I know it’s over-priced, over-hyped and over-crowded, but I still love Apotheke. I used to live around the corner, and there’s just something about calling both a bar like Apotheke and Joe’s Shanghai your neighborhood joints, that quiets the rumble of uptowners flocking the place and makes it really feel like your own. When I found out that brother-sister team Christopher and Heather Tierney, the siblings behind Apotheke, were opening a Mexican joint next door, I couldn’t wait to try it.


We all know what they say about good Mexican food in New York City (that there isn’t any!), so I didn’t expect to be wowed by the new Pulqueria, but I couldn’t resist seeing what the new spot was all about. A pulqueria is a mexican bar that serves Pulque, a traditional, milk-colored, alcoholic beverage. In the drink’s heydey, at the start of the twentieth century, many pulquerias were members-only clubs. A fitting name for the new speakeasy on the block.

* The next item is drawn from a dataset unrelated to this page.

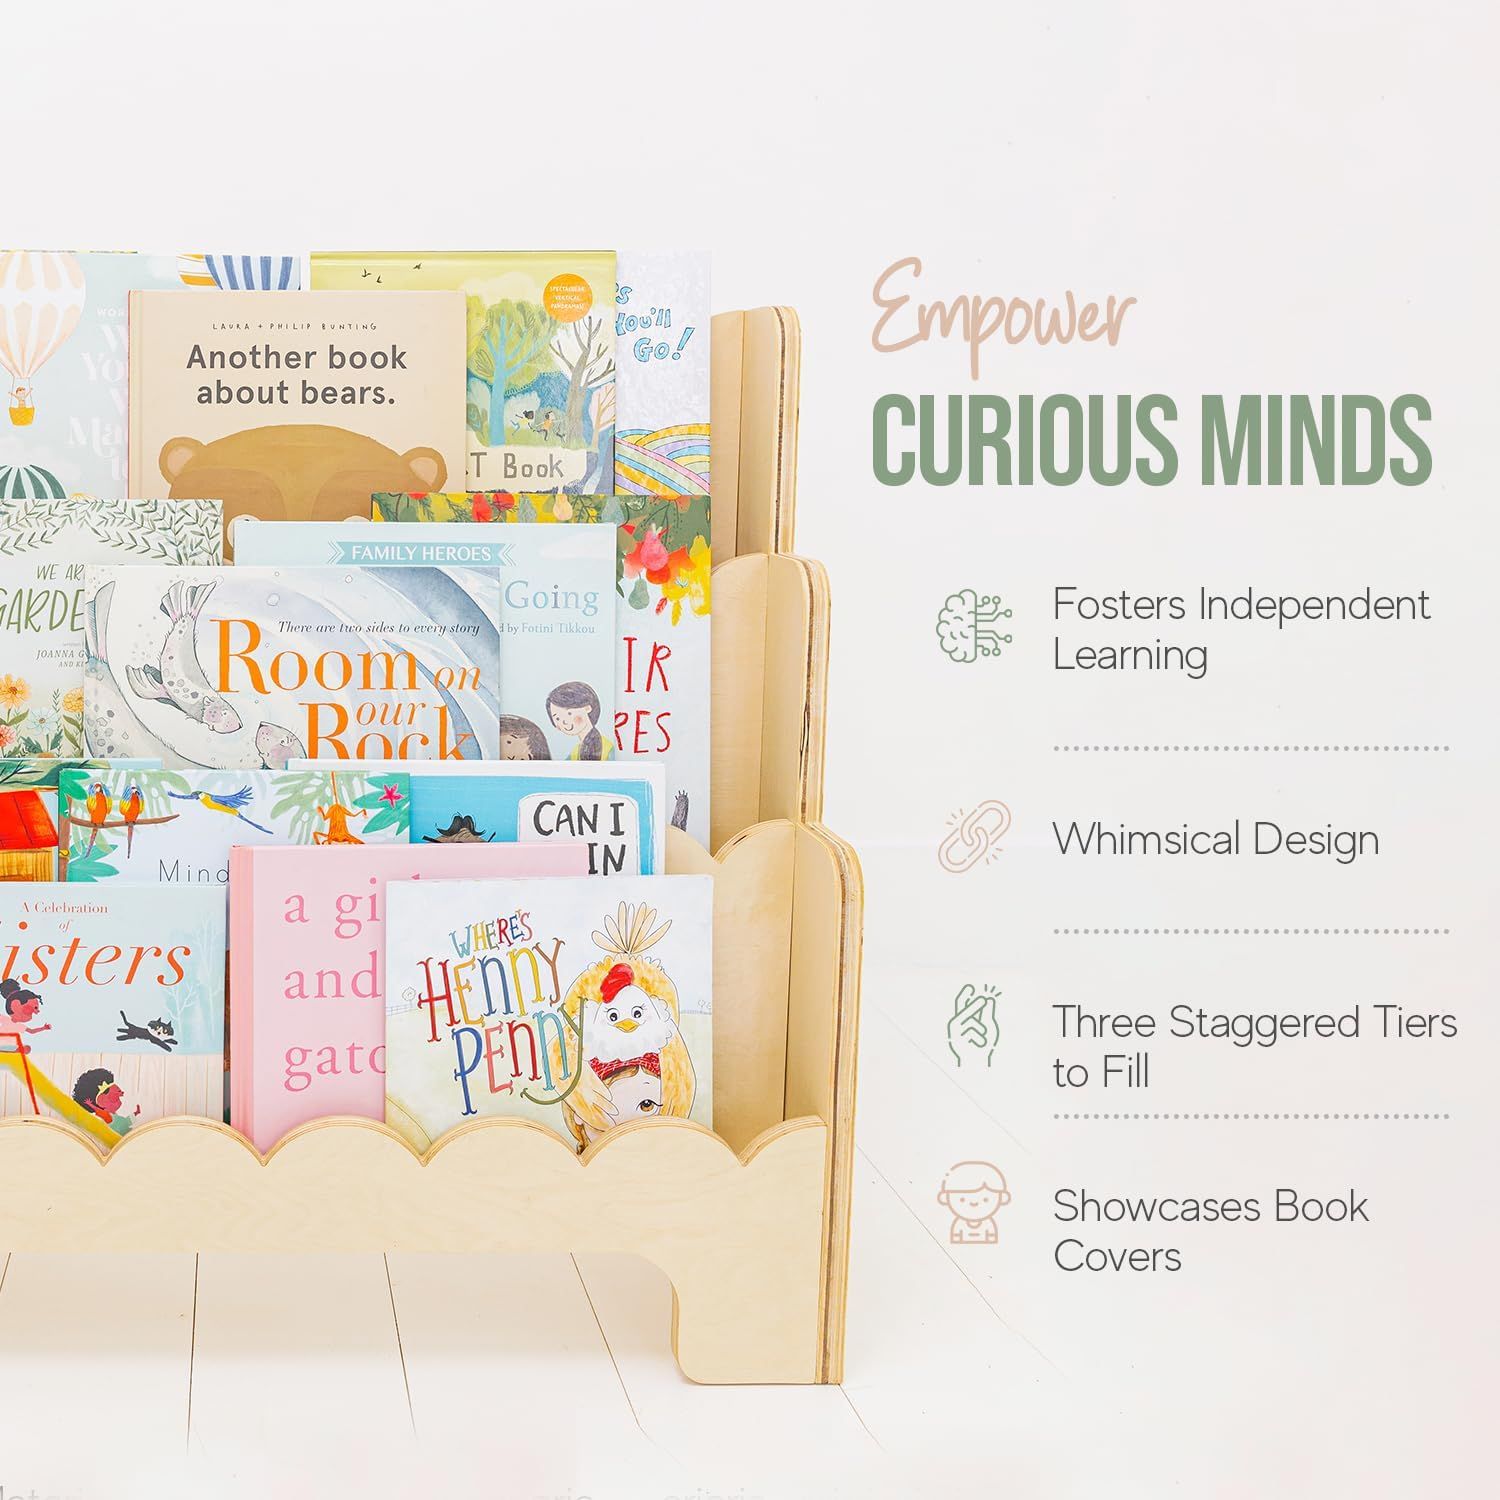 Wooden Kids Bookshelf w/Scalloped Edges - Perfect Height 3-Tier Montessori Bookshelf for Kids - D... | Amazon (US)

The food exceeded my minimal expectations (Mexican in New York is one thing, but Mexican in Chinatown?), and the ambiance met my high ones. The super hip dance music of Et Music Pour Touscasted a party-like vibe, while a decorative patchwork of a stylized, Mexican interior brought an air of sophistication. El
egantly presented small plates – my favorite were the tacos de chorizo and the tacos de verduras – were packed with flavor. The highlight was a whole, roasted, market fish, wrapped in banana leaf, accompanied by a simple side of black beans and rice.

The real allure of
Apotheke and Pulqueria for me, however, is not the food and drink, but the location. The corner that the speakeasies call home is known as the “Bloody Angle,” named for a number of gang shootings that occurred early in the twentieth century. Legend has it that a network of underground tunnels used to connect the buildings, offering getaways for gang members on the run or hideaway opium dens. My sights are now set on finding the secret passage way that connects Apotheke and Pulqueria.